Digital enterprises can now do both - meet sustainability targets and business goals
Even on a single industrial campus, complex interdependencies between people, processes and machines have an impact on environmental and business performance, affecting everything from power consumption to overall carbon footprint. Those interdependencies can be managed — and optimized — with a smart, agile, real-time communications network, cloud capabilities and digital applications, which is why more and more companies are turning to digitalization strategies to help achieve both sustainability and business targets.
The World Economic Forum has said speeding up the transition to a circular (low-waste or zero-waste) economy is critical for meeting global climate goals by 2050, and that “this can only be achieved through focused and responsible digitalization.”
Digitalization depends heavily on the networks that provide critical connectivity and cloud functions — site-wide, across and between industrial campuses and even throughout the end-to-end supply chain. Industrial-grade private wireless, mission-critical IP/MPLS, optical, and fixed access networks play an important role in helping companies connect their sites and extend the reach of sustainability enablers, such as Internet of Things (IoT) connected sensors for temperature and emissions monitoring or logistics data sharing and AI/AR functions to optimize transport scenarios and cut back on fuel consumption.
Insights and analytics need a good network
Choose any industry and it’s clear how smart networks and digitalization together create new opportunities to make industry more sustainable. An example in the agriculture industry is the Nokia Bell Labs collaboration with AeroFarms.
AeroFarms is a Certified B Corporation (“B Corp”), meaning it is committed to meeting the highest standards of social, environmental and corporate governance (ESG) performance. Its vertical urban farms in the United States and United Arab Emirates are on the forefront of agricultural innovation, and part of a movement to grow and harvest food closer to where it’s consumed by putting farms in multi-story urban buildings.
The AeroFarms–Nokia Bell Labs partnership centers on an artificial intelligence (AI)-enabled “plant vision technology” that uses integrated machine vision and machine learning to identify and track how plants interact and affect each other. The data collected and the autonomous systems within the vertical farm operations are supported by cutting-edge private wireless connectivity. By enhancing the performance of AeroFarms’ campus installations, the solution will radically enhance the company’s ability to solve food and agriculture supply chain challenges. Through AeroFarms’ innovative and intelligent agriculture operation, AeroFarms stated they can produce nearly 400 times the output of a traditional outdoor farm, with 95% less water usage and no pesticides.
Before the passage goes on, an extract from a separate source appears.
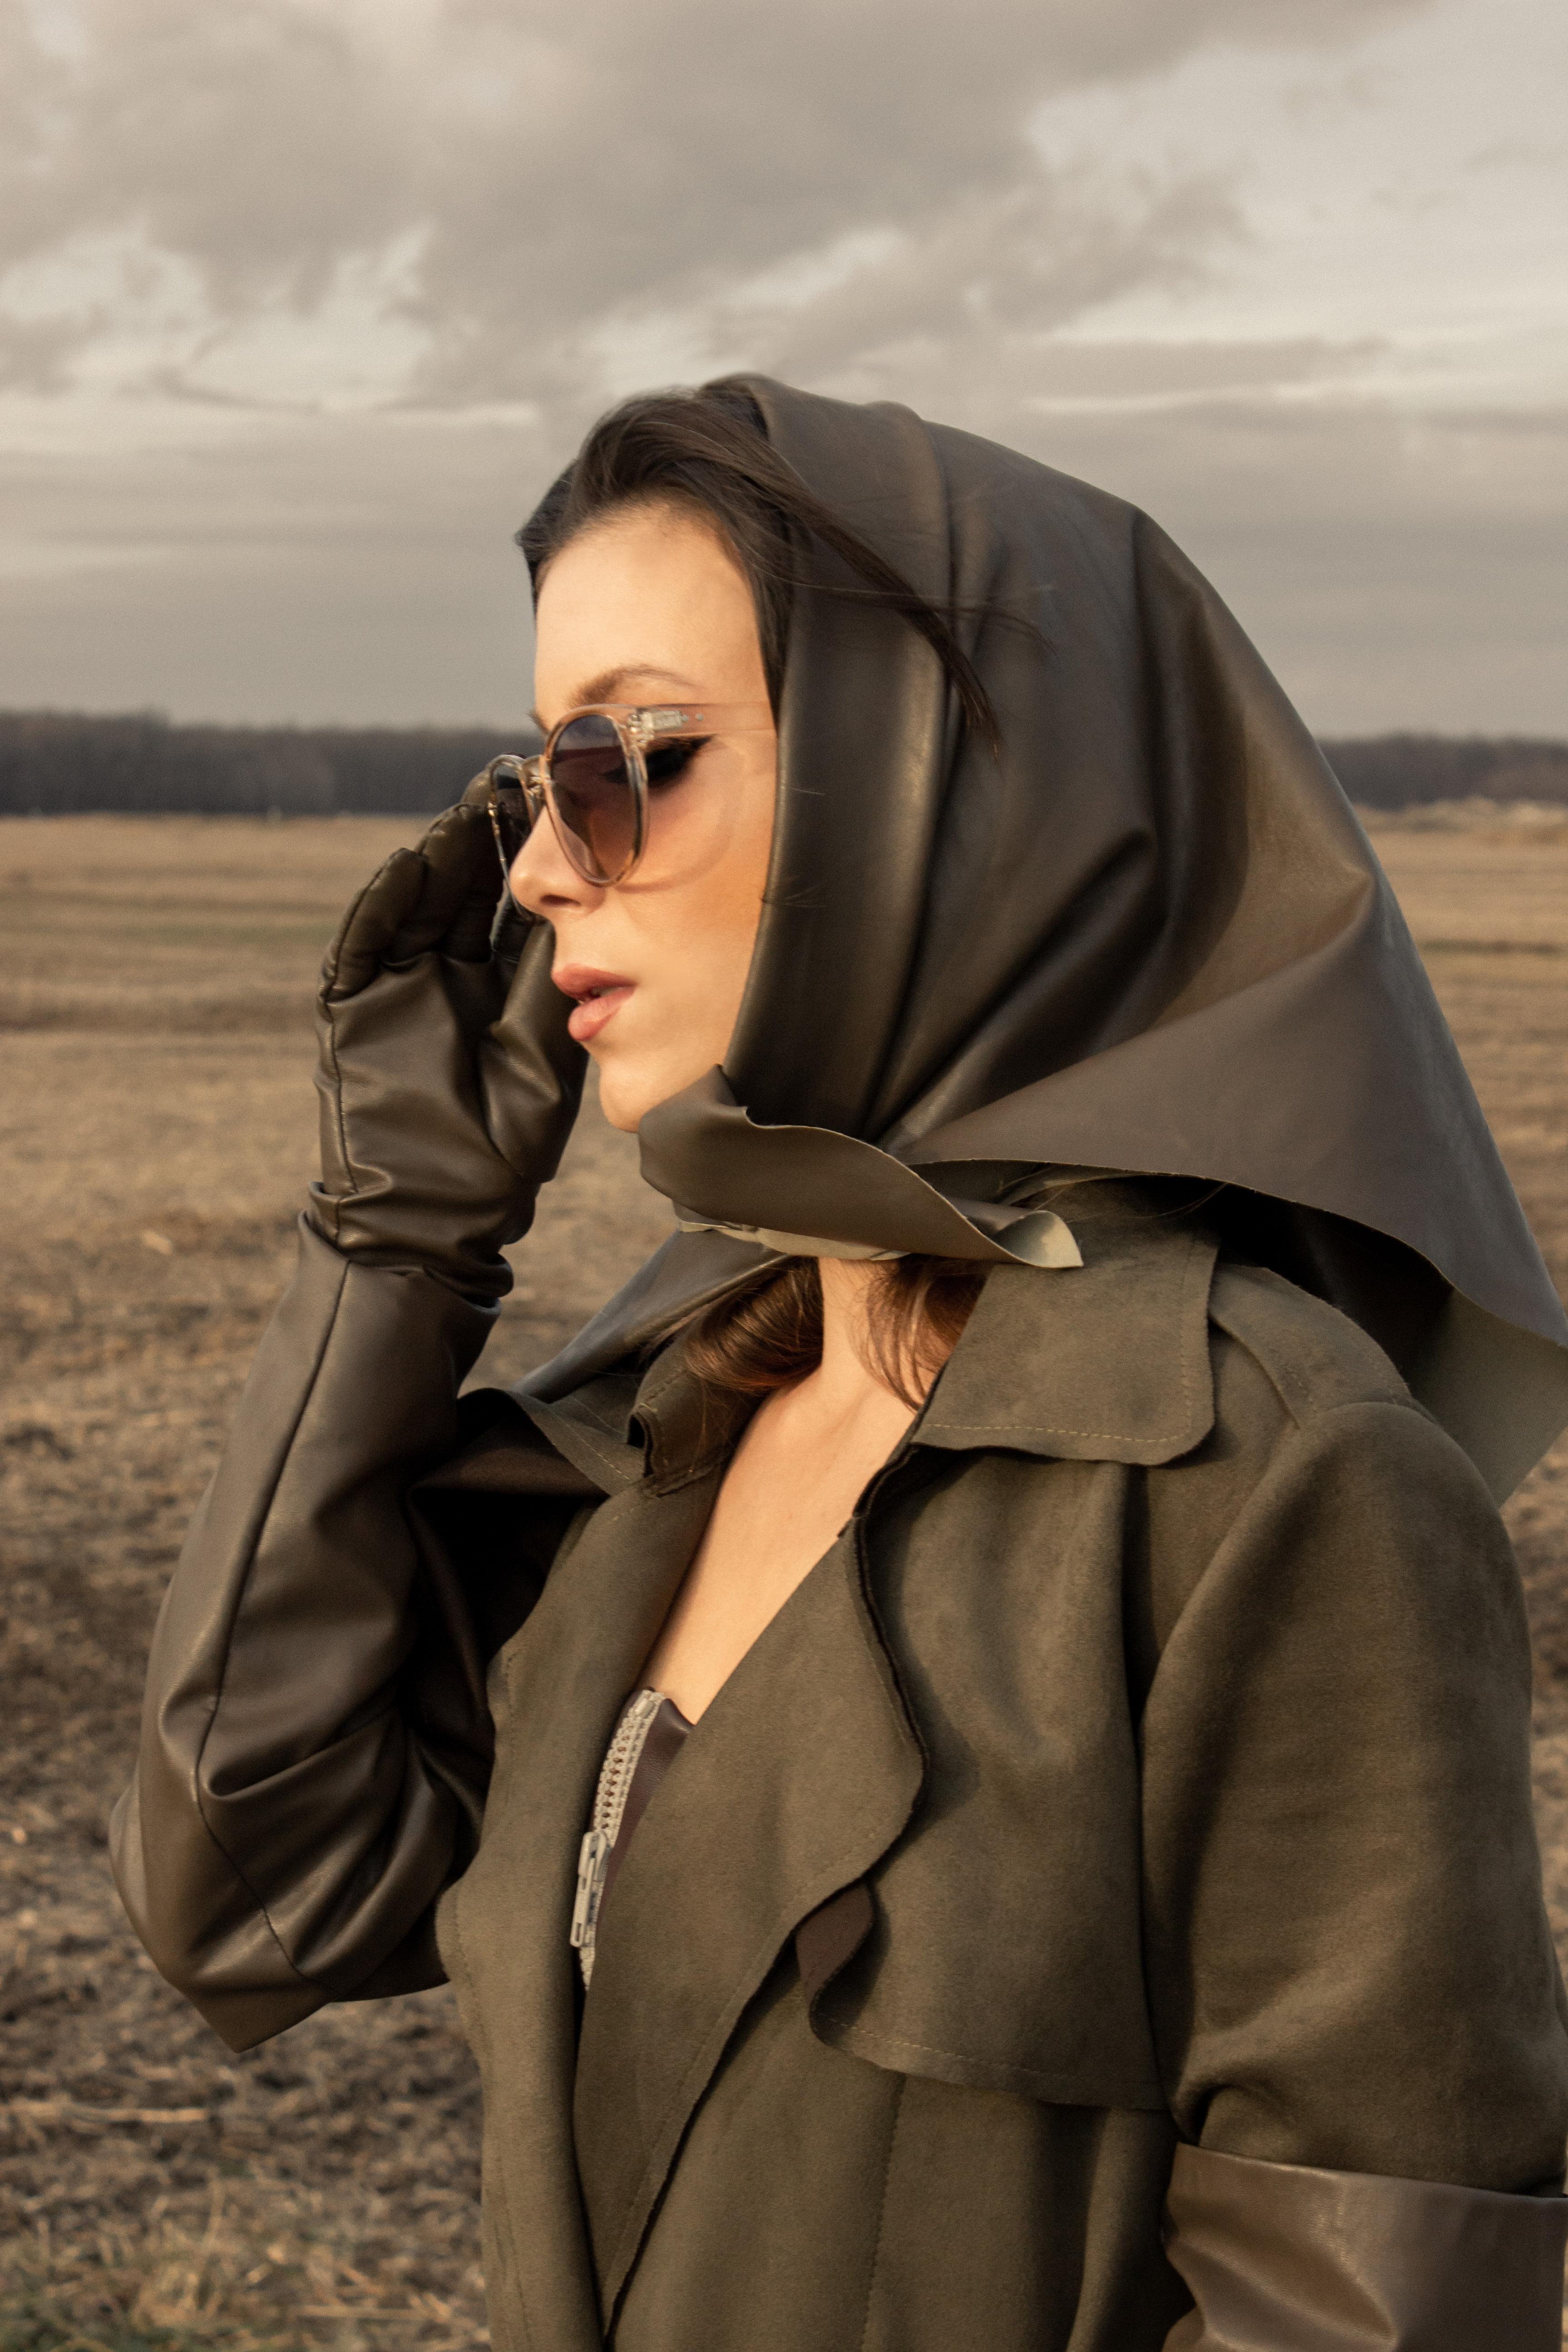 Woman wearing faux leather babushka head scarf in cedar brown

Sustainability is good business
My colleague Chris Johnson pointed out in a recent blog that, with the right connectivity and digital technologies, sustainability measures also become business enhancers. DHL has a multi-faceted approach to sustainability covering operations, work environments, communities and more. DHL Supply Chain won a pair of awards for the smart warehousing solution it developed with Nokia Shanghai Bell in China.
Speeding and optimizing logistics operations to do more with the same or fewer resources, decreasing idling time of vehicles, implementing smart lighting systems in the industrial environment, and having real-time monitoring data on environmental conditions all create a positive impact in terms of both efficiency and the environment.
Connectivity beyond a single campus
The environmental and business benefits achieved through intelligent networks apply equally to organizations with multiple campuses. The University of Pittsburgh Medical Center (UPMC), a U.S.-based healthcare provider with 92,000 employees and a 3.8 million-member health insurance division operates 40 hospitals in Pennsylvania, all of which are connected with the help of Nokia. With a strong IP/MPLS foundation for their digital transformation in place across the organization, UPMC is able to advance their goals, and support their facilities and supplier sustainability initiatives.
The “everything is connected” principle extends up to the highest scales of interaction, as our CEO Pekka Lundmark stated, “There is no green without digital.” A resilient, intelligent mission-critical, network foundation - connecting people, things and processes needs to be in place to achieve both business and sustainability goals – neither of which can be disassociated in the Industry 4.0 era.